- _Work order_
Using the entries that follow, transcribe only the lines from the line with "لجنة فلسطين تلتقي حزب الشين فين الايرلندي" to the line with "Conversational design diagram", both included, exactly as they stand and without pictures.

- _Input data_
····················

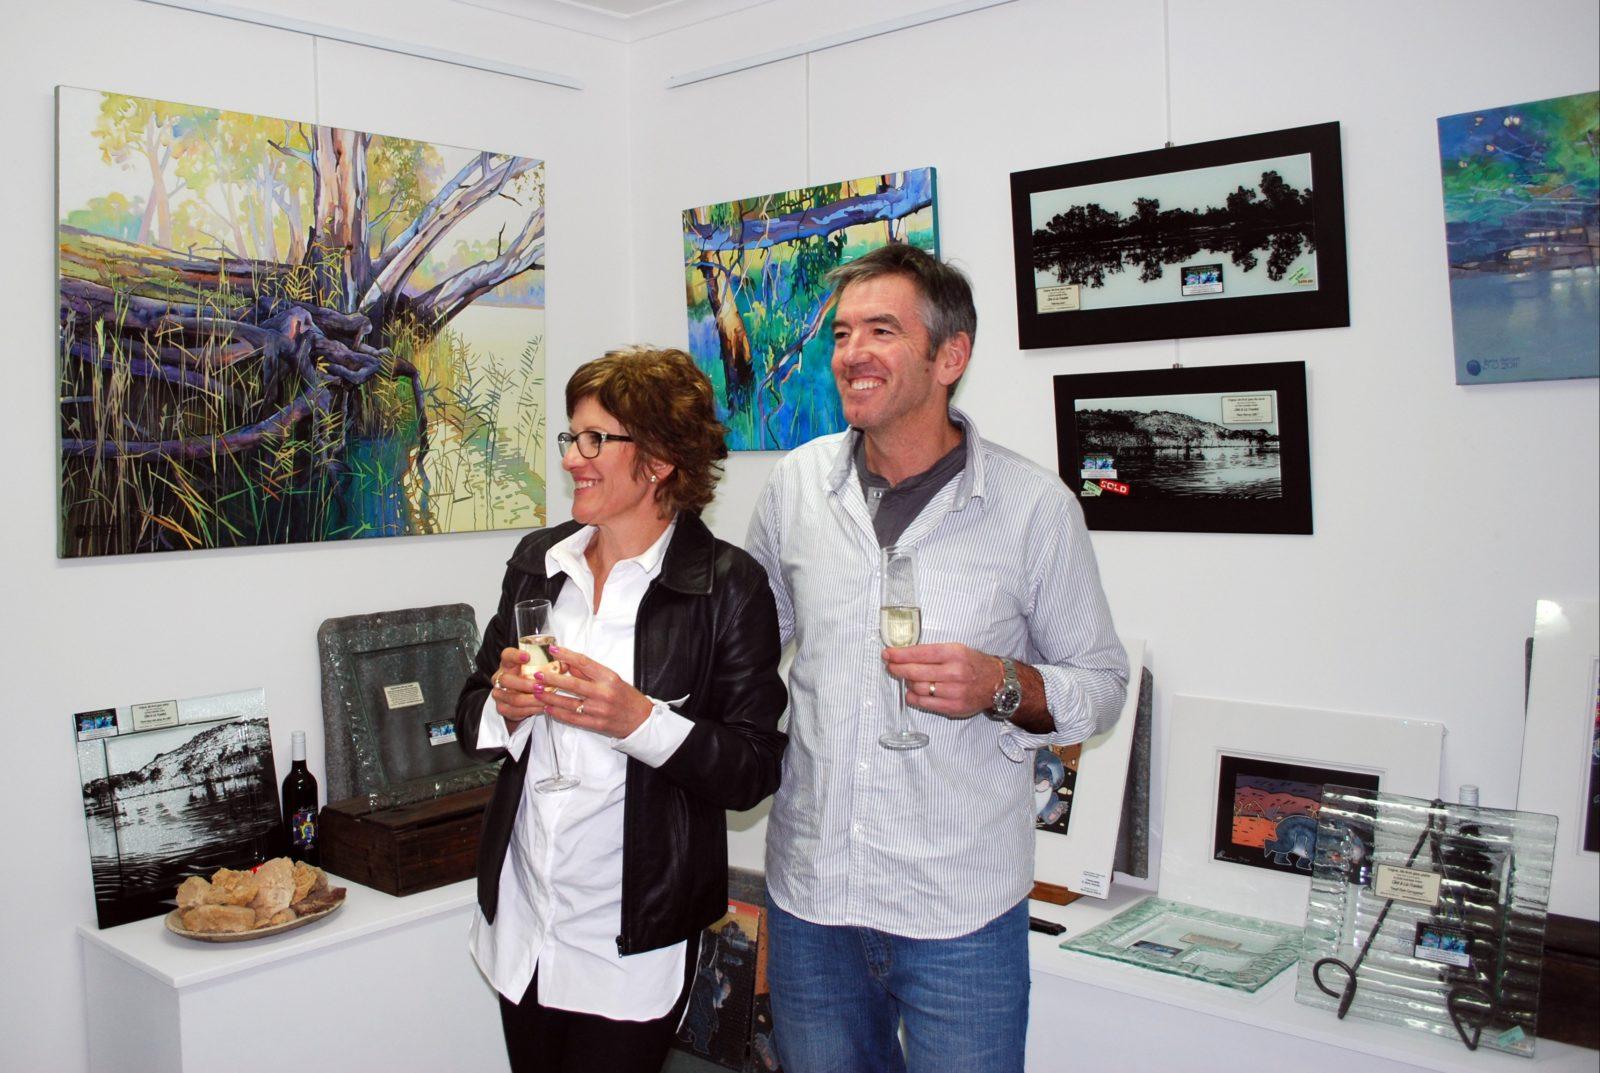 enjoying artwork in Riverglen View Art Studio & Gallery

····················

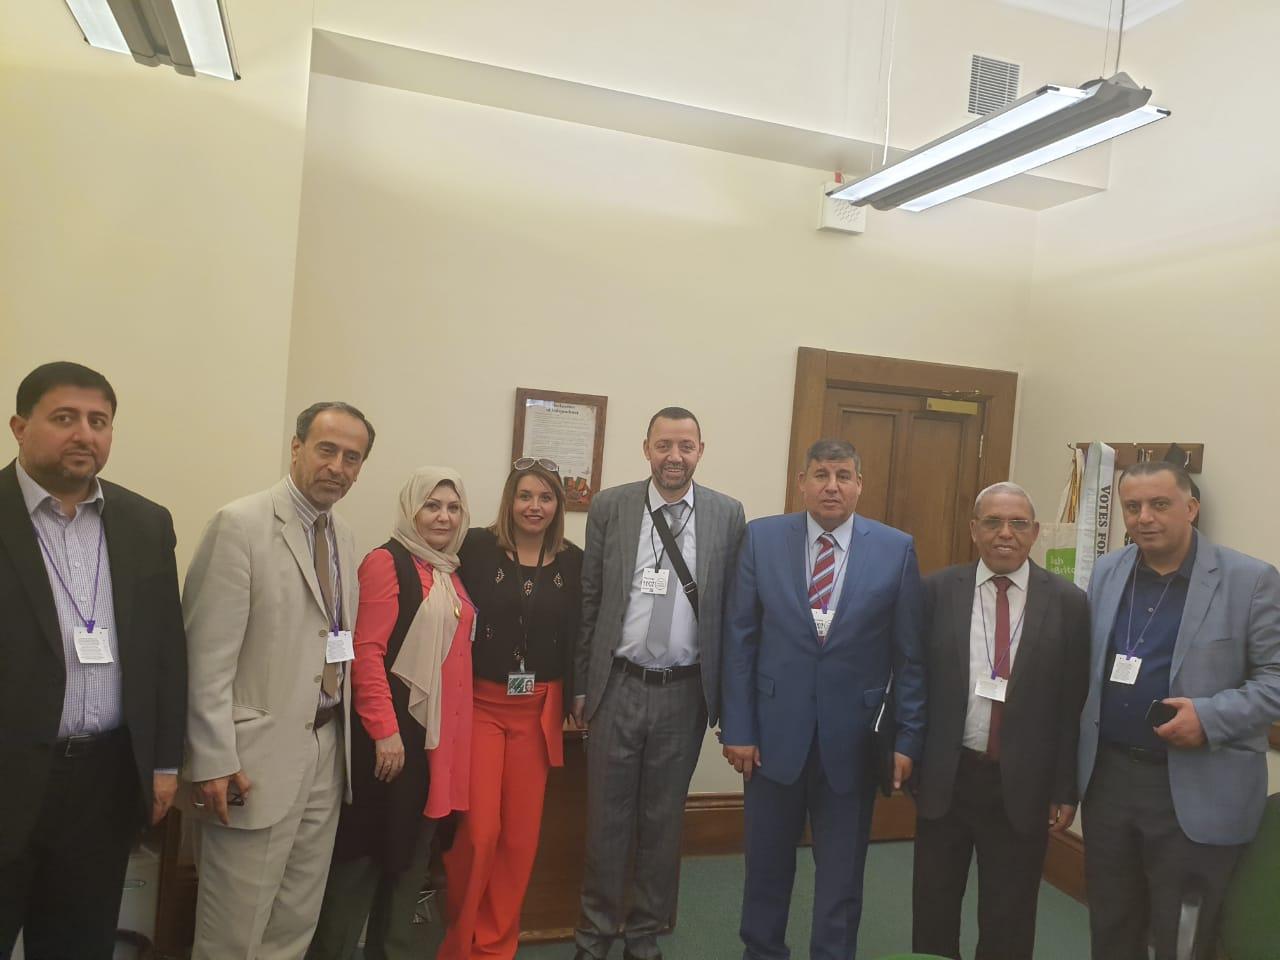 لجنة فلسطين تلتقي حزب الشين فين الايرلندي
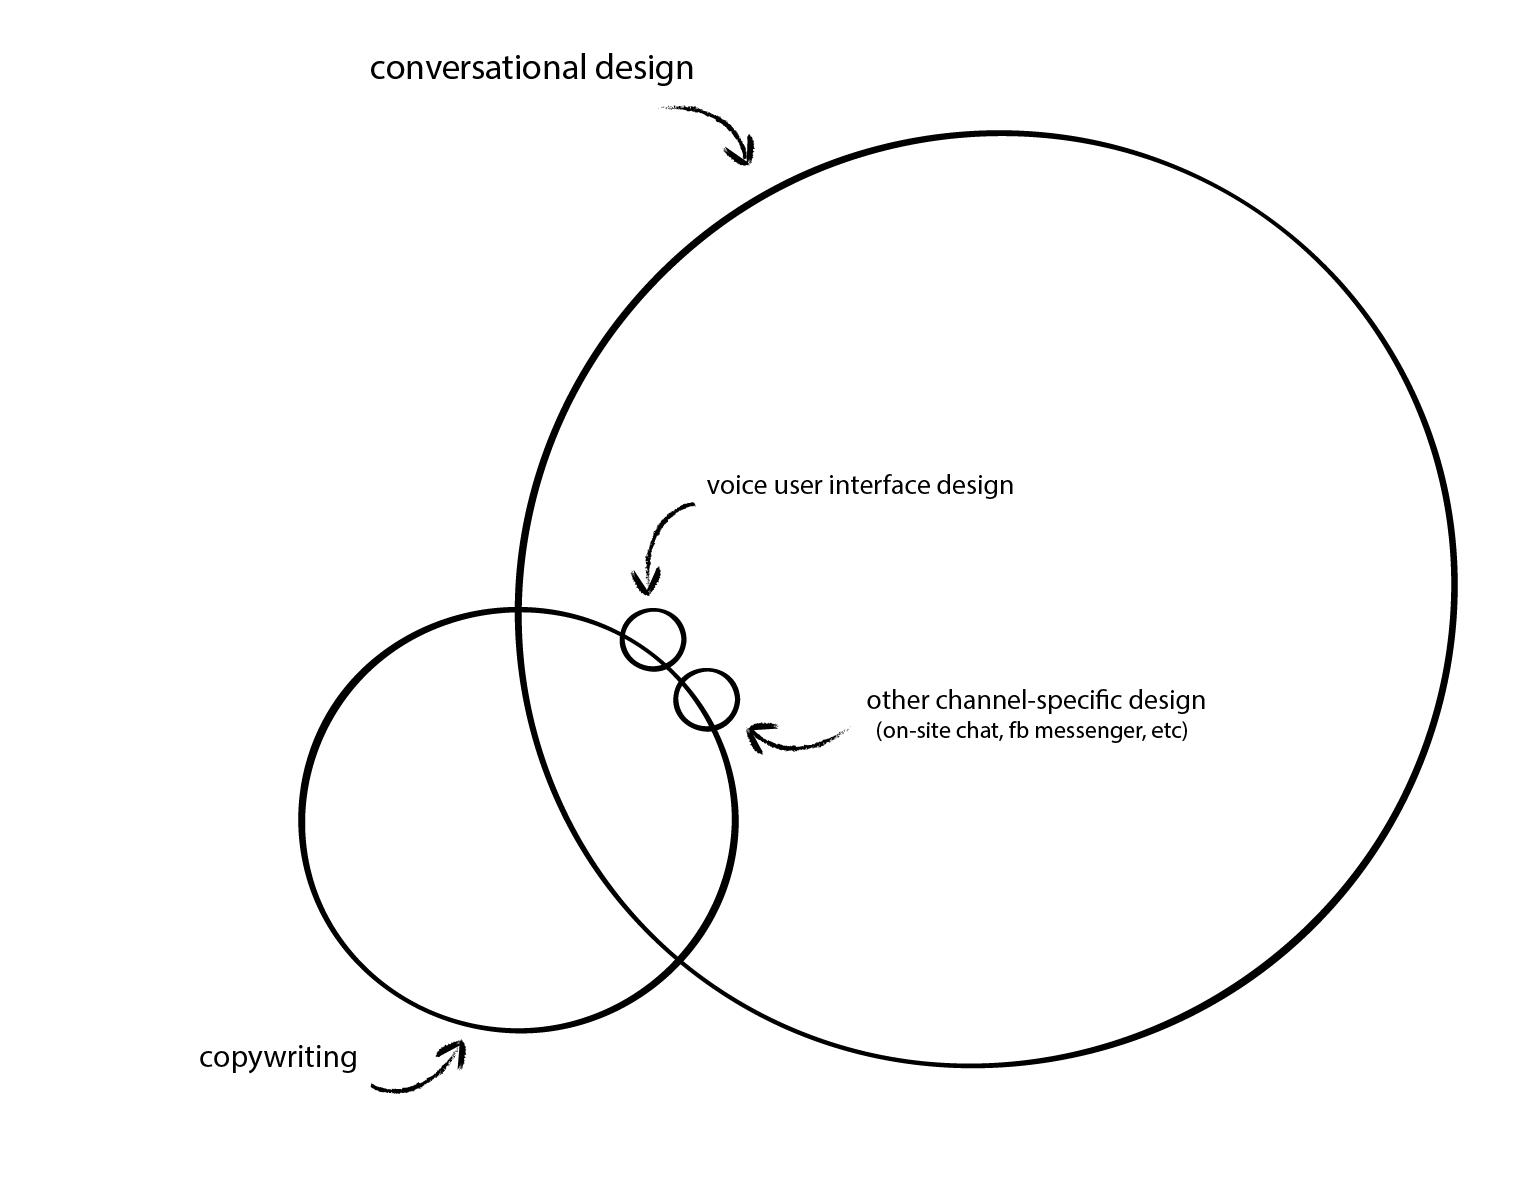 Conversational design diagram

····················

- _Response_
 لجنة فلسطين تلتقي حزب الشين فين الايرلندي
 Conversational design diagram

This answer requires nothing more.